More and more through secrecy, deception, survelliance, and repression...the U.S. takes on elements of traditional 'police states' even as the citizenry remain bamboozled by the leaders they believe they elect to govern them.
Breaking News 12/12/03
INVESTIGATIVE REPORT: The untold story of the Bush administration's penchant for secrecy
How the public's business gets done out of the public eye
Friday, Dec. 12, the PBS television program NOW with Bill Moyers will air a report on Bush administration secrecy produced in collaboration with U.S. News. Please visit pbs.org for stations and airtimes in your area. The U.S. News article, "Keeping Secrets," will be publshed in Monday's edition. Full text will be available on USNews.com Saturday, Dec. 13, at 6 p.m.
The Bush administration has removed from the public domain millions of pages of information on health, safety, and environmental matters, lowering a shroud of secrecy over many critical operations of the federal government.
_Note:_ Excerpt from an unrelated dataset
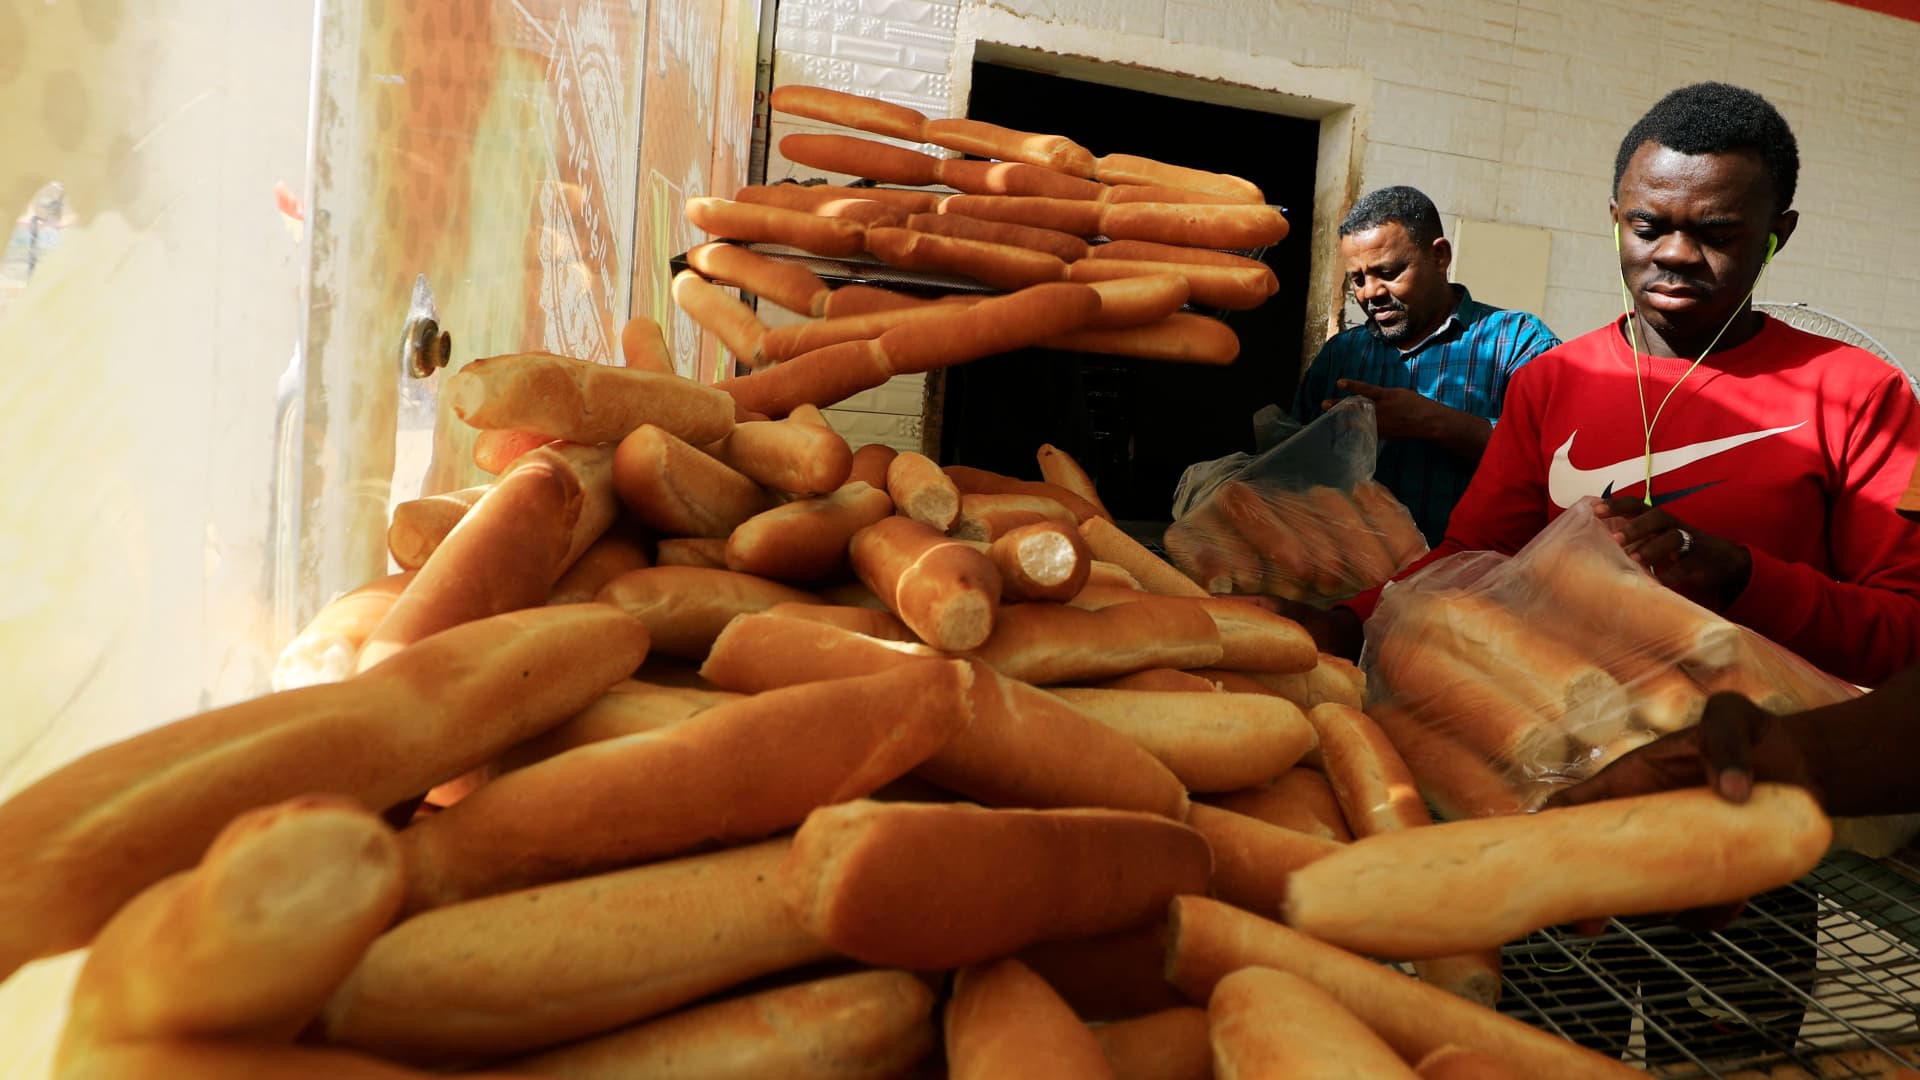 Employees package bread at a bakery in Khartoum's al-Matar district, on March 17, 2022 as food prices rise across Sudan and the region due to the conflict in Ukraine.

The administration's efforts to shield the actions of, and the information held by, the executive branch are far more extensive than has been previously documented. And they reach well beyond security issues.
A five-month investigation by U.S. News details a series of initiatives by administration officials to effectively place large amounts of information out of the reach of ordinary citizens, including data on such issues as drinking-water quality and automotive tire safety. The magazine's inquiry is based on a detailed review of government reports and regulations, of federal agency Web sites, and of legislation pressed by the White House.
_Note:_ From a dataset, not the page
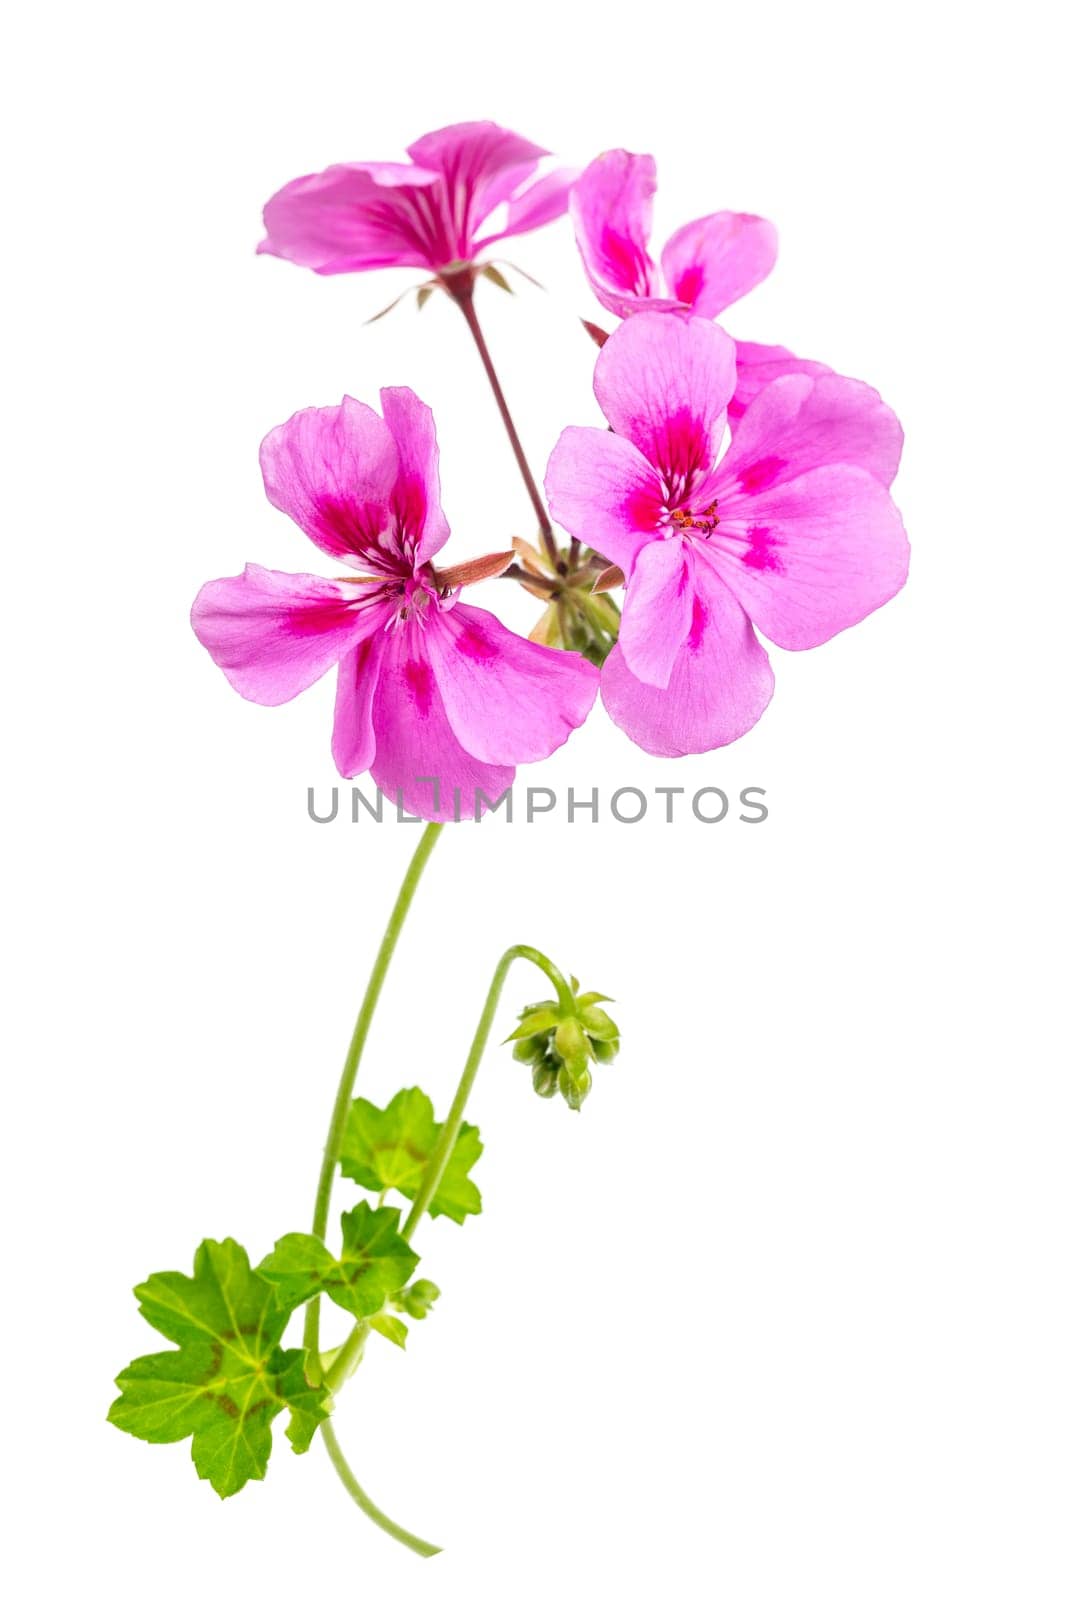 close up pink flowers of rose geranium isolated on a white background by JPC-PROD

U.S. News also analyzed information from public interest groups and others that monitor the administration's activities, and interviewed more than 100 people, including many familiar with the new secrecy initiatives. That information was supplemented by a review of materials provided in response to more than 200 Freedom of Information Act requests filed by the magazine seeking details of federal agencies' practices in providing public access to government information.
Among the findings of the investigation:
?Important business and consumer information is increasingly being withheld from the public. The Bush administration is denying access to auto and tire safety information, for instance, that manufacturers are required to provide under a new "early-warning system" created following the Ford-Firestone tire scandal four years ago. The U.S. Consumer Product Safety Commission, meanwhile, is more frequently withholding information that would allow the public to scrutinize its product safety findings and product recall actions.
?New administrative initiatives have effectively placed off limits critical health and safety information potentially affecting millions of Americans. The information includes data on quality and vulnerability of drinking-water supplies, potential chemical hazards in communities, and safety of airline travel and others forms of transportation.
?Beyond the well-publicized cases involving terrorism suspects, the administration is aggressively pursuing secrecy claims in the federal courts in ways little understood--even by some in the legal system. The administration is increasingly invoking a "state secrets" privilege that allows government lawyers to request that civil and criminal cases be effectively closed by asserting that national security would be compromised if they proceed.
?New administration policies have thwarted the ability of Congress to exercise its constitutional authority to monitor the executive branch and, in some cases, even to obtain basic information about its actions.
There are no precise statistics on how much government information is rendered secret. One measure, though, can be seen in a tally of how many times officials classify records. In the first two years of Bush's term, his administration classified records some 44.5 million times, or about the same number as in President Clinton's last four years, according to the Information Security Oversight Office, an arm of the National Archives and Records Administration.